“On the Equivalence of Bayesian and Dominant Strategy Implementation,” A. Gershkov et al (2012)

Let’s take a quick break from the job market. Bayesian incentive compatibility is not totally satisfying when trying to implement some mechanism, as each agent must care about the rationality and actions of other agents. Dominant strategy incentive compatibility (DSIC) is much cleaner: no matter what other agents do, the action that makes me best off is just to state my preferences truthfully. For example, the celebrated Vickrey-Clarke-Groves mechanism is dominant strategy incentive compatible. Even if other agents lie or make mistakes, the transfers I pay (or receive) are set so that I have just enough incentive to report my true type.

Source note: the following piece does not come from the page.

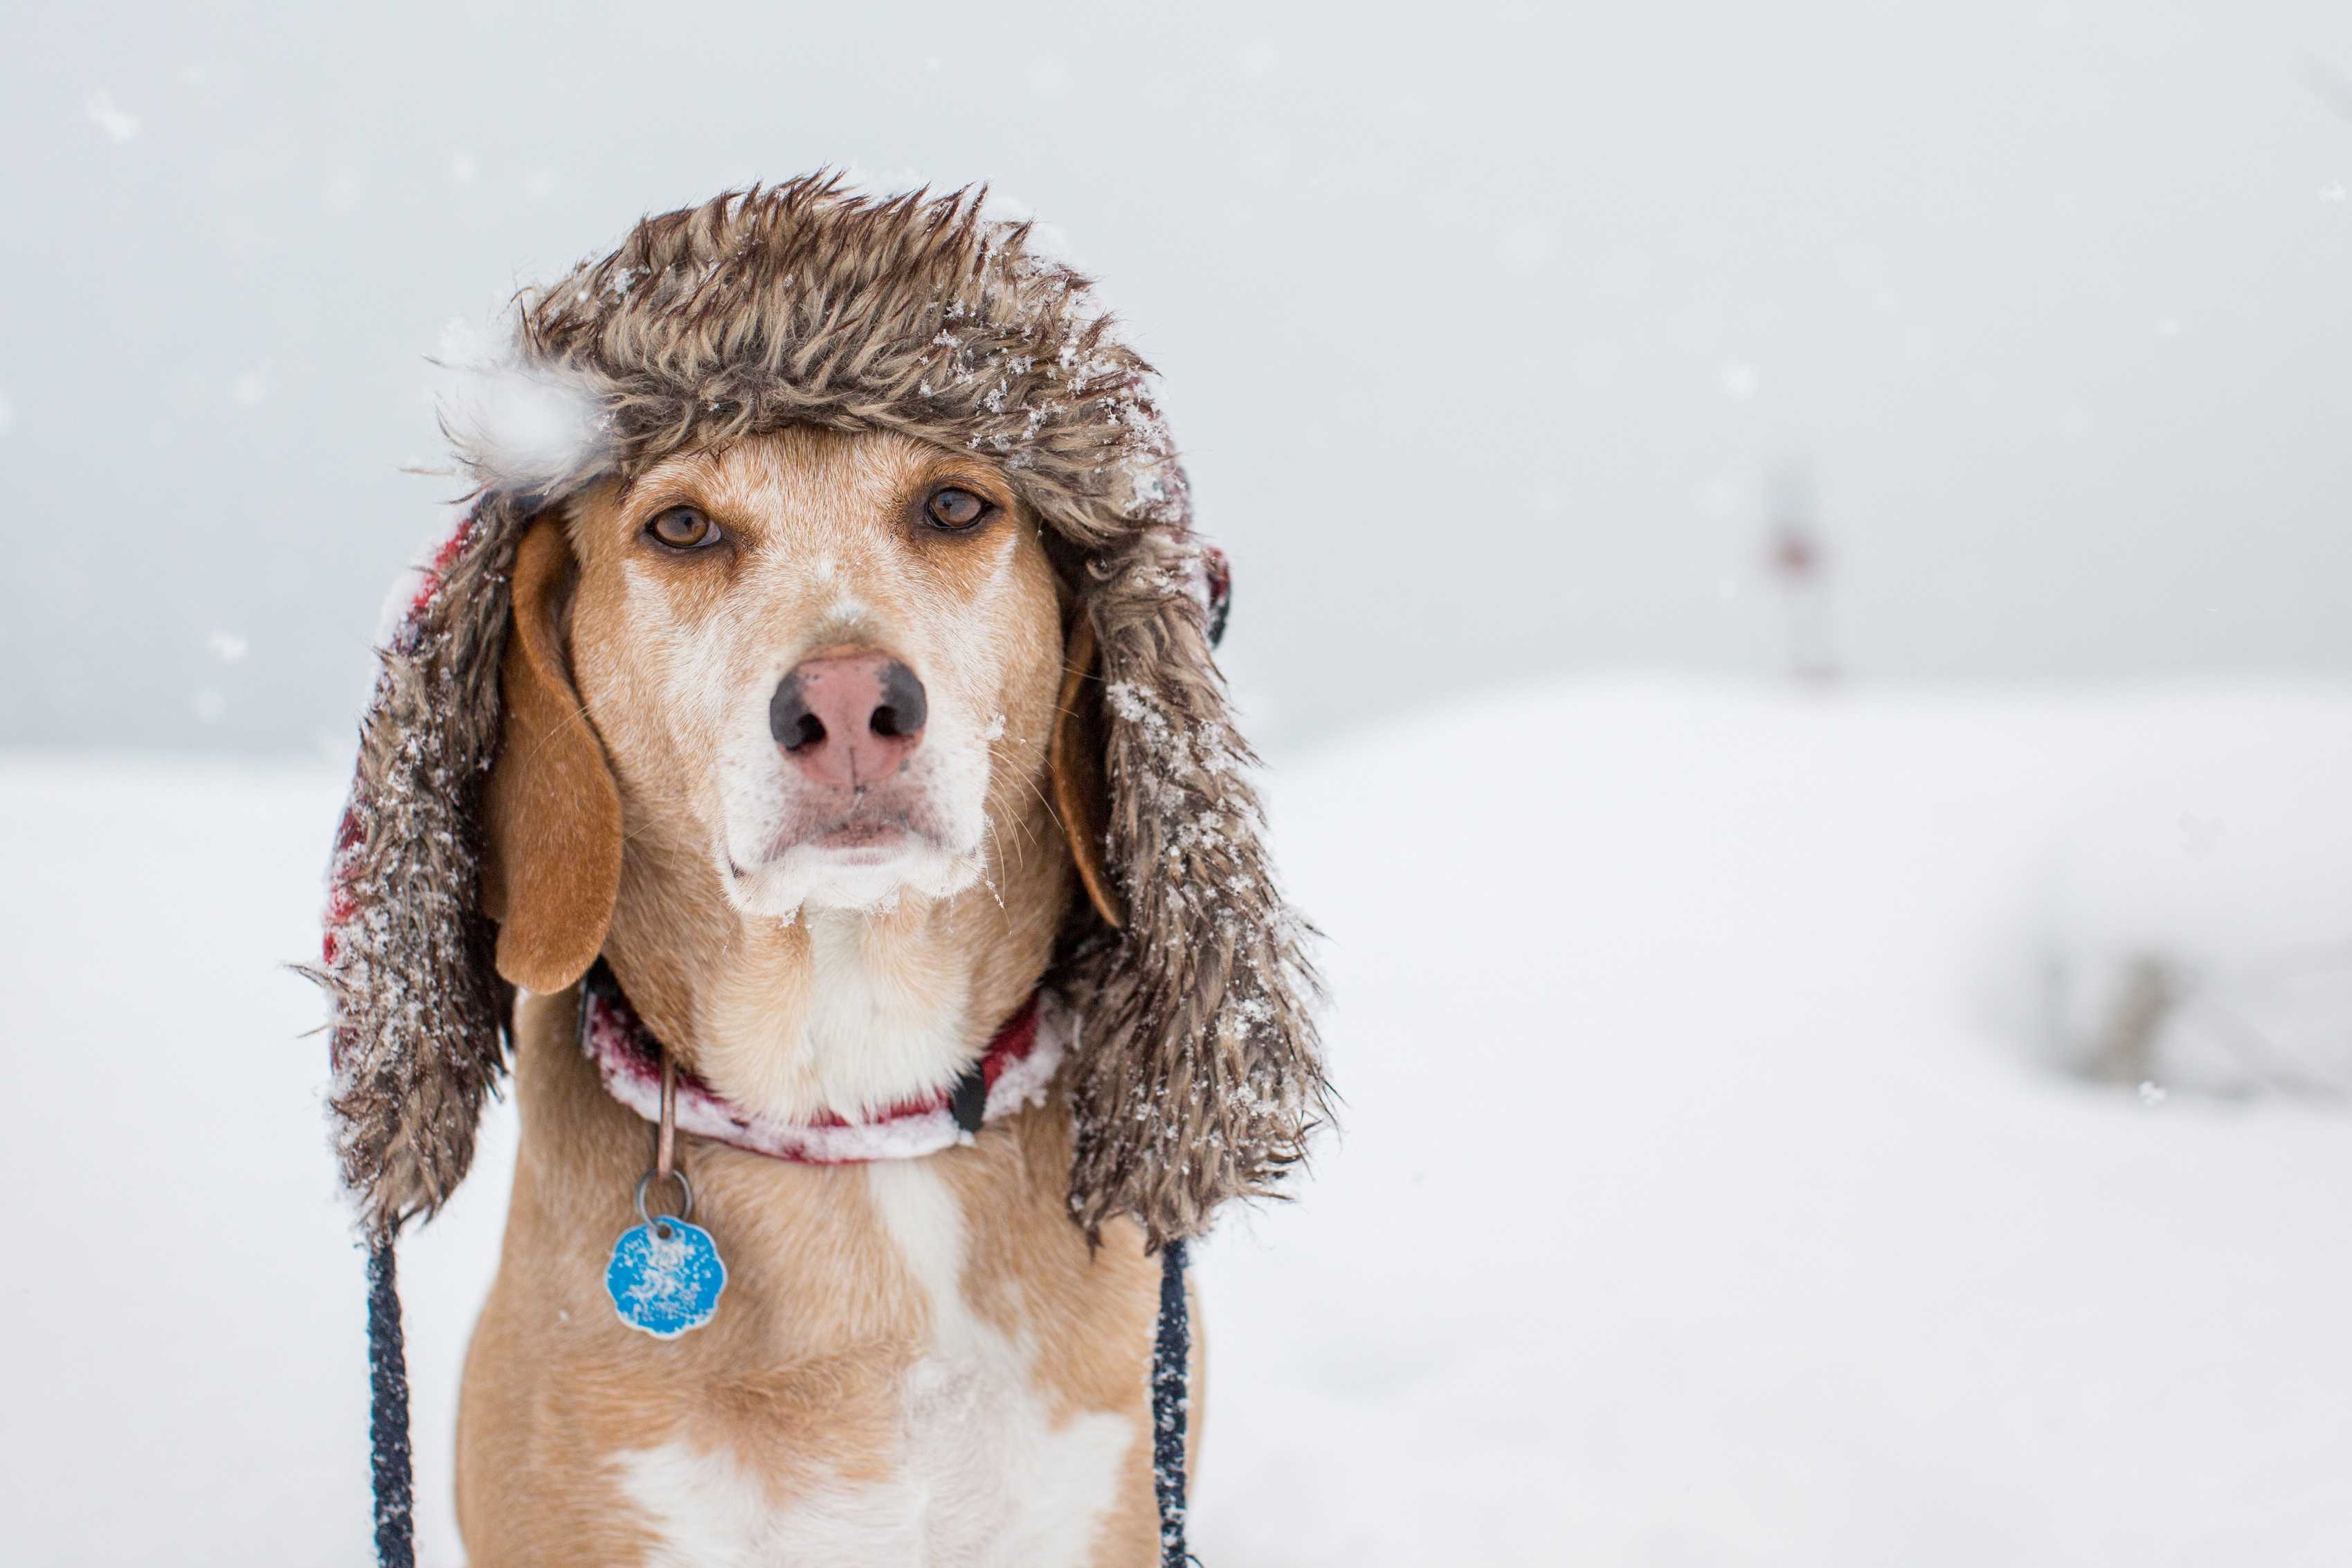 Creative ways to entertain your dog when it's cold outside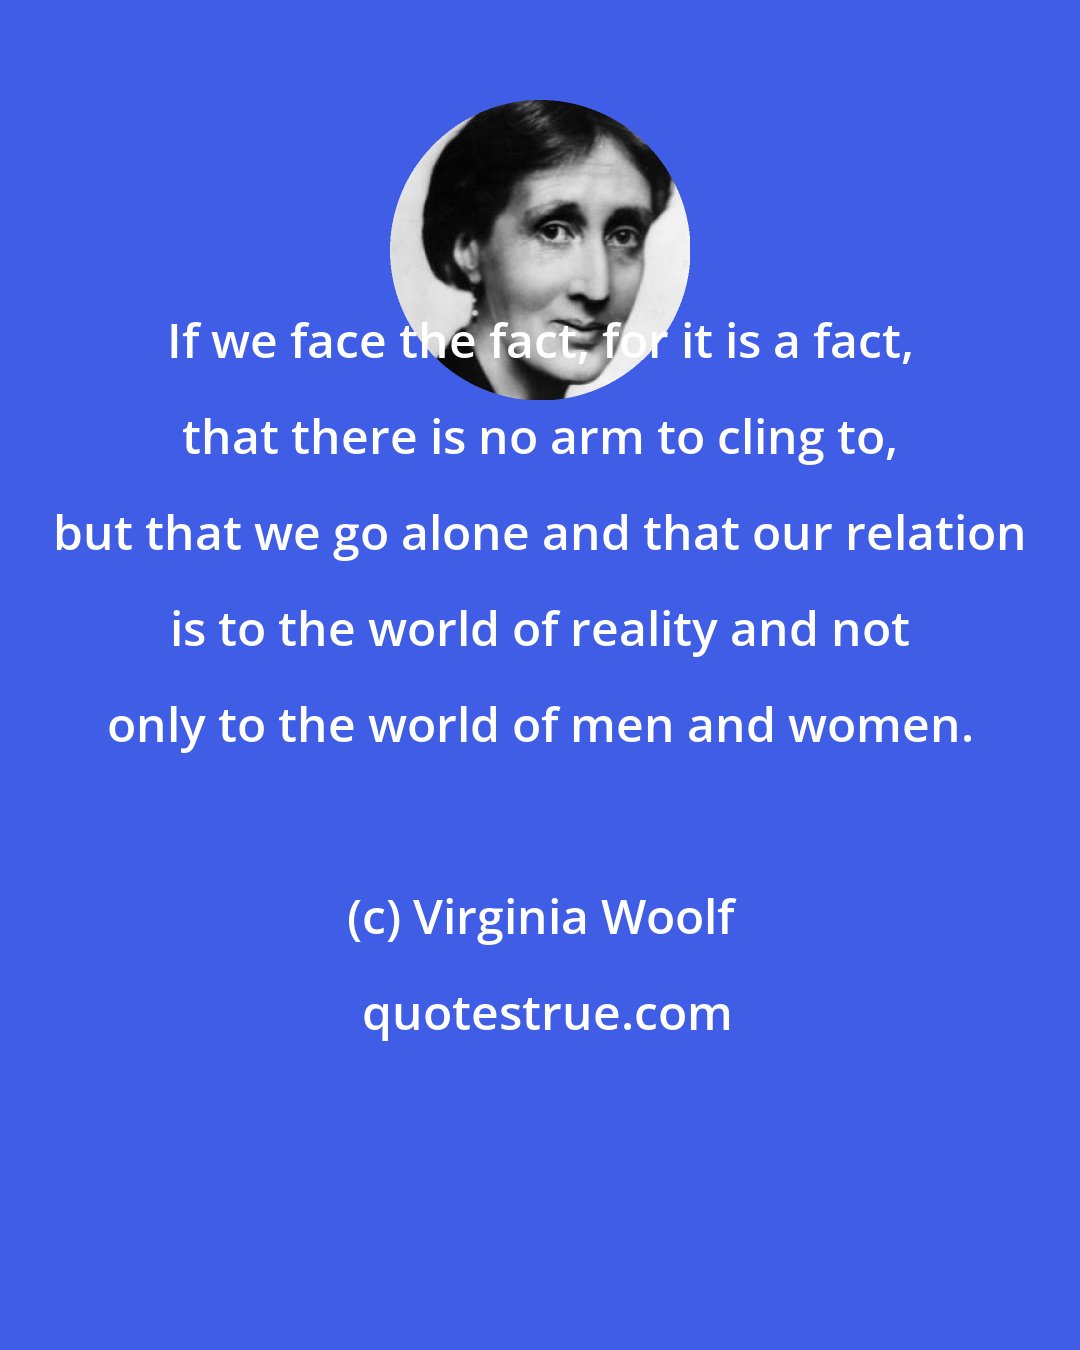 Virginia Woolf: If we face the fact, for it is a fact, that there is no arm to cling to, but that we go alone and that our relation is to the world of reality and not only to the world of men and women.

Many clever mechanisms are not DSIC, however. Consider the Cremer-McLean auction with correlated types. There are a bunch of bidders with correlated private values for an oil field. If the values were independent, in the optimal mechanism, the winning bidder gets an information rent. Consider a first price auction, where all of our values are distributed uniformly on [0,1]. I draw .7 for my value. I won’t actually bid .7, because bidding slightly lower increases my profit when I win, but only slightly decreases my probability of winning. If the auctioneer wants to use a scheme that reveals my true value, he better give me some incentive to reveal; the second-price auction does just that, by making me pay only the second-highest bid if I win.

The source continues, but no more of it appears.